Bangalore: A stitch in time saves nine - two scientists from Bangalore’s Indian Institute of Science have given a new meaning to this old proverb and are working on saving country’s Rs 1000 crore annually.
Scientists Dilip Ahuja and D P Sen Gupta are on a mission to re-invent Indian Standard Time and if have their way, your day will start half an hour earlier.
They have proposed that Indian authorities advance, once and for all, IST from being the time at the 82.5 degree East longitude at Mirzapur in Uttar Pradesh to 90 degree East.
For the geographically challenged, that means they want the government to advance Indian Standard Time by half an hour in relation to Greenwich Mean Time.
So when it's 8 am in Silicon Valley, it will be around 9 pm in India, not 8.30 as it is now. It would also mean an extra half hour of evening daylight but later winter sunrises.

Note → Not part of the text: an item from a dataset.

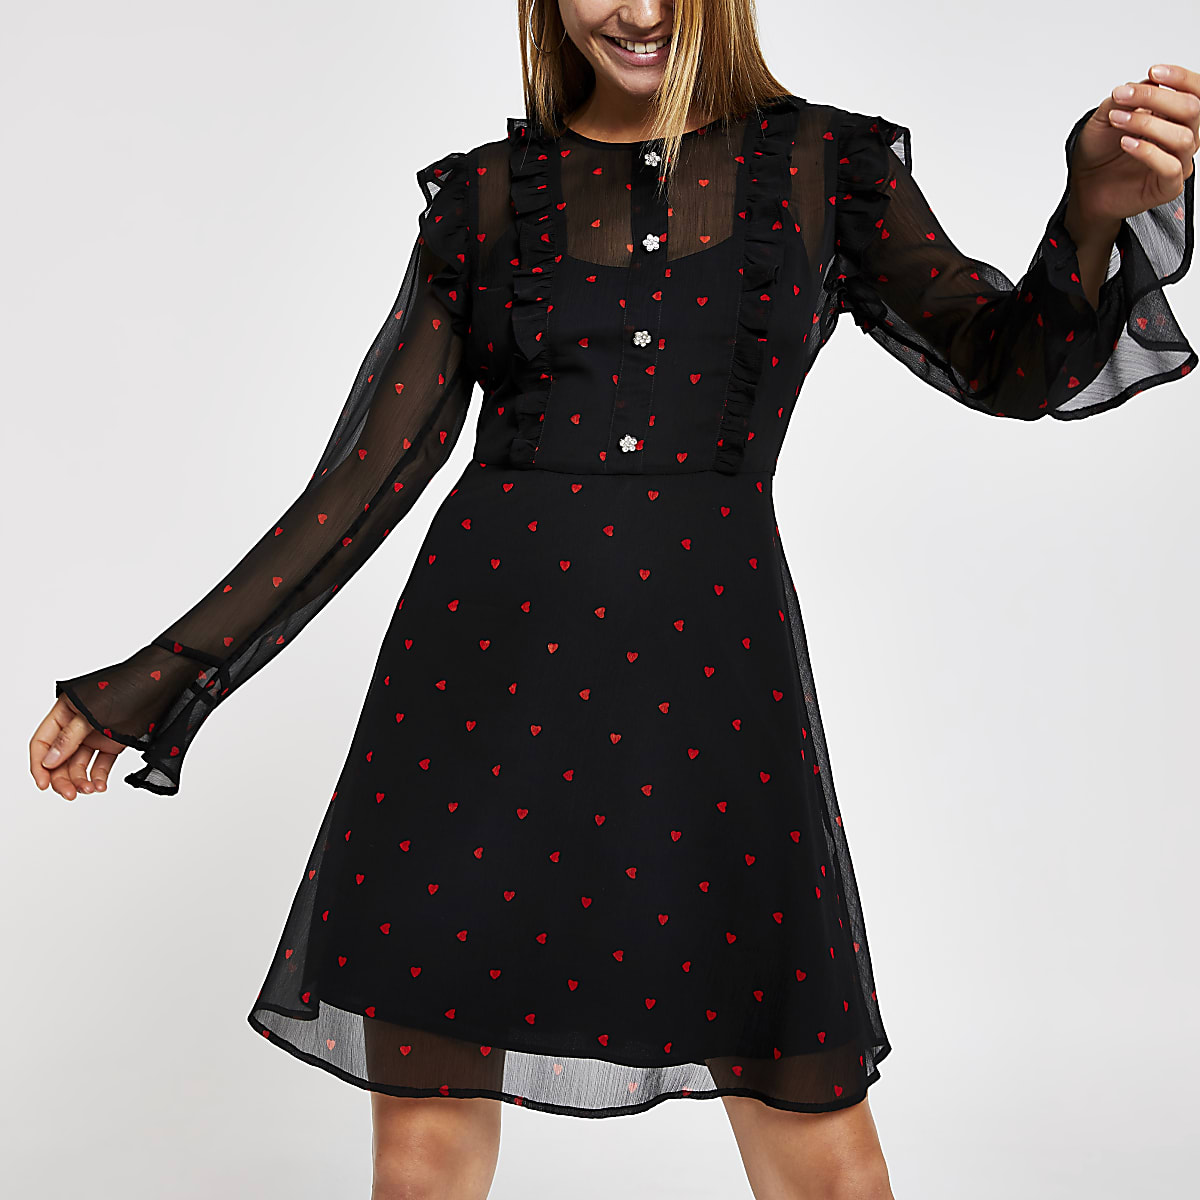 Black heart print sheer mini dress

The scientists say the proposal which follows the daylight saving time system, will, in effect, make workday end sooner, reducing the electricity used in the evenings.
They say this will lead to energy savings as high as Rs 1,000 crore every year.
But Bangaloreans seem cynical about .
“As a working woman, I don not like this at all, it will disrupt my schedule,” says a housewife. A senior citizen seemed to disagree, “Half-an-hour is not enough, it should be one-and-a-half hours,” he said.
But will the theory stand the test of time? Well, only time will tell.